LendersBenchmark Analyzer
Source: LendersBenchmark Analyzer HE Portfolio

In addition, the impending Basel III requirements for capital-expense charges will make unused HELOC lines more expensive for lenders to hold, which could compel some to cut back excess line sizes and focus more on balance growth. This may seem like a departure from traditional HE lending, but newer market entrants such as fintechs and independent mortgage brokers are pursuing it. They’ve quickly made significant inroads by offering products that require fully funded HELOCs at closing while at the same time charging for the origination.

The vast majority of traditional lenders, on the other hand, do not pass origination costs on to the borrower, according to a recent survey of Curinos’ consortium of home equity lenders. But this fee-free approach inherently attracts borrowers who plan to use HELOCs as rainy-day accounts rather than as vehicles for purposeful, balance-driven debt. It may be time for some lenders to “do more with less” by saying goodbye to large unused lines and driving profitability through balance-focused products.

Credit card debt increased $50 billion in the fourth quarter, with total outstanding balances ballooning to $1.13 trillion, according to recent consumer data published by the New York Fed. At the same time, household savings rates dipped to their lowest levels in more than two decades. So even though borrowers don’t appear to be averse to debt, they’re more sensitive to the costs they bear and the balances they keep. That makes it more important than ever for lenders to offer them a suite of products with features that educate them about the right vehicle for them to fund large purchases and refinance existing debt.

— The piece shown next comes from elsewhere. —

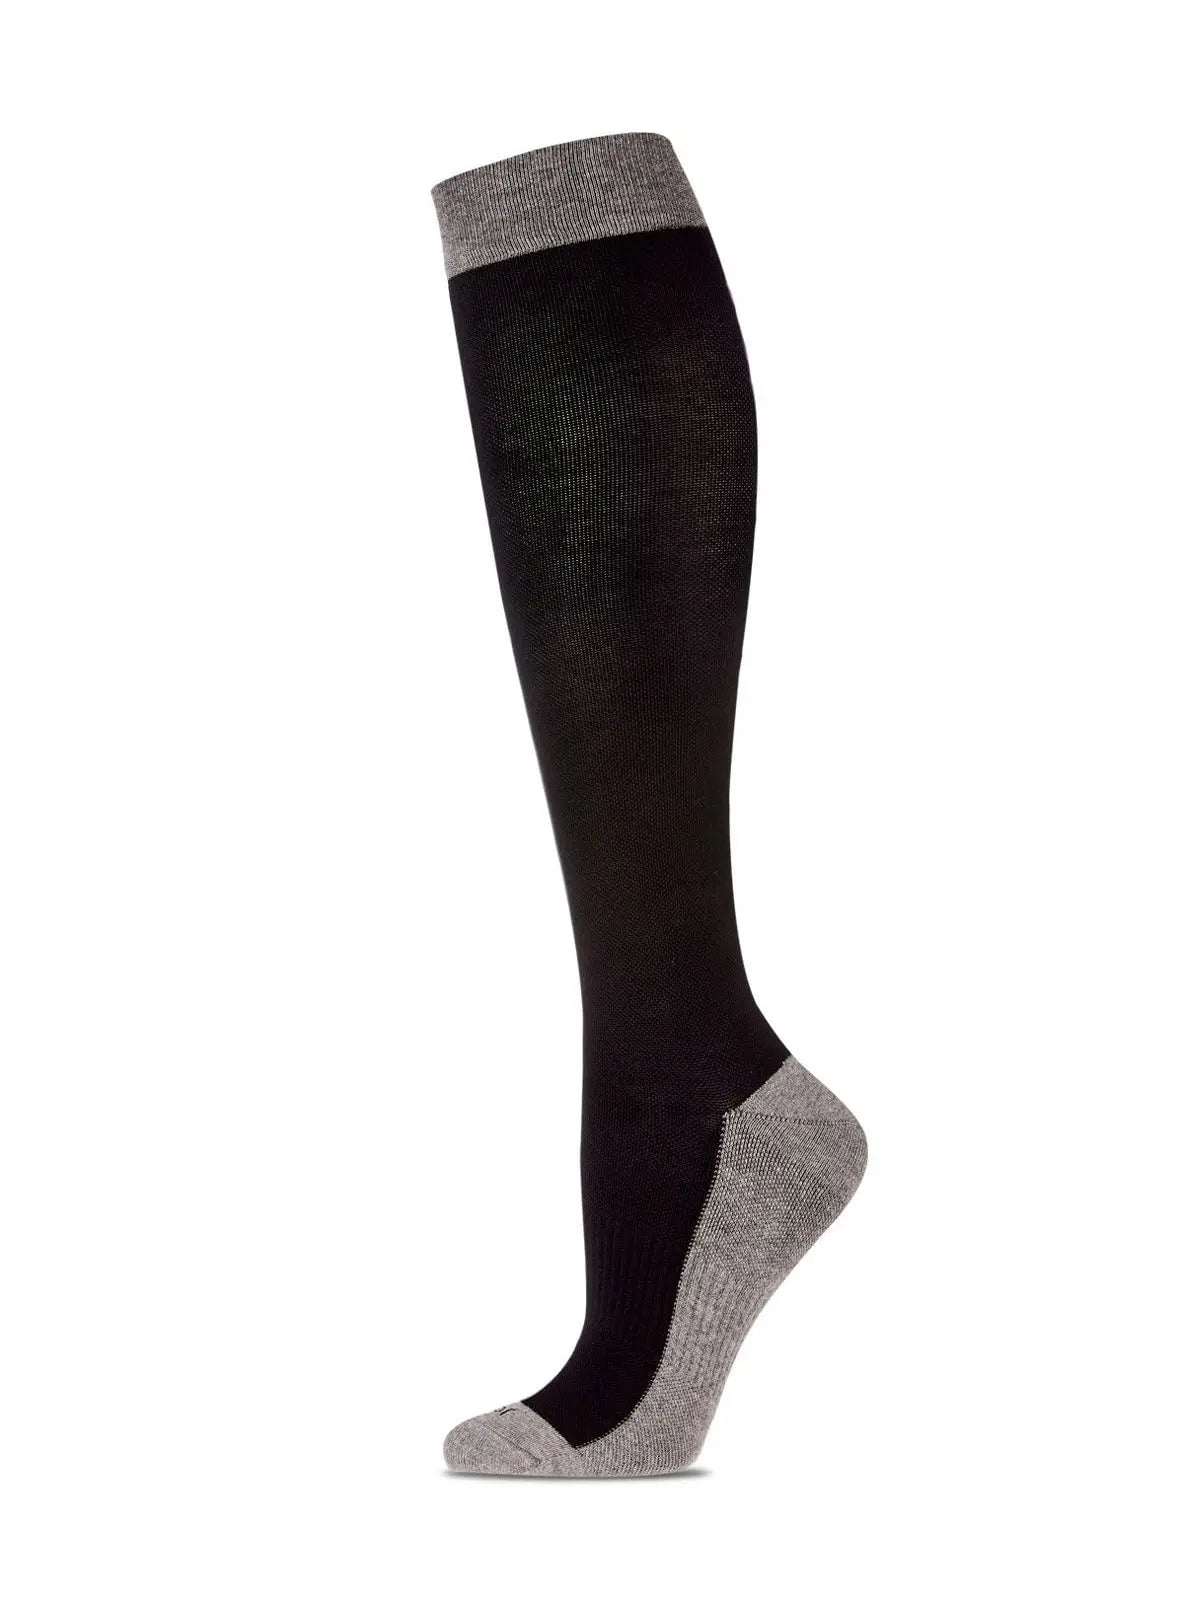 Two Tone Women's Bamboo Compression Socks

As these challenging times persist, getting back to basics is perhaps more important than ever: understanding borrower behaviors and delivering products that identify with their needs, while aligning with the institution’s financial hurdles. This could include doing more with less. Lenders may want to consider driving profitability through a more simplified mortgage suite and by aligning HELOC product features that cater more to a borrower’s need for debt consolidation and payment relief.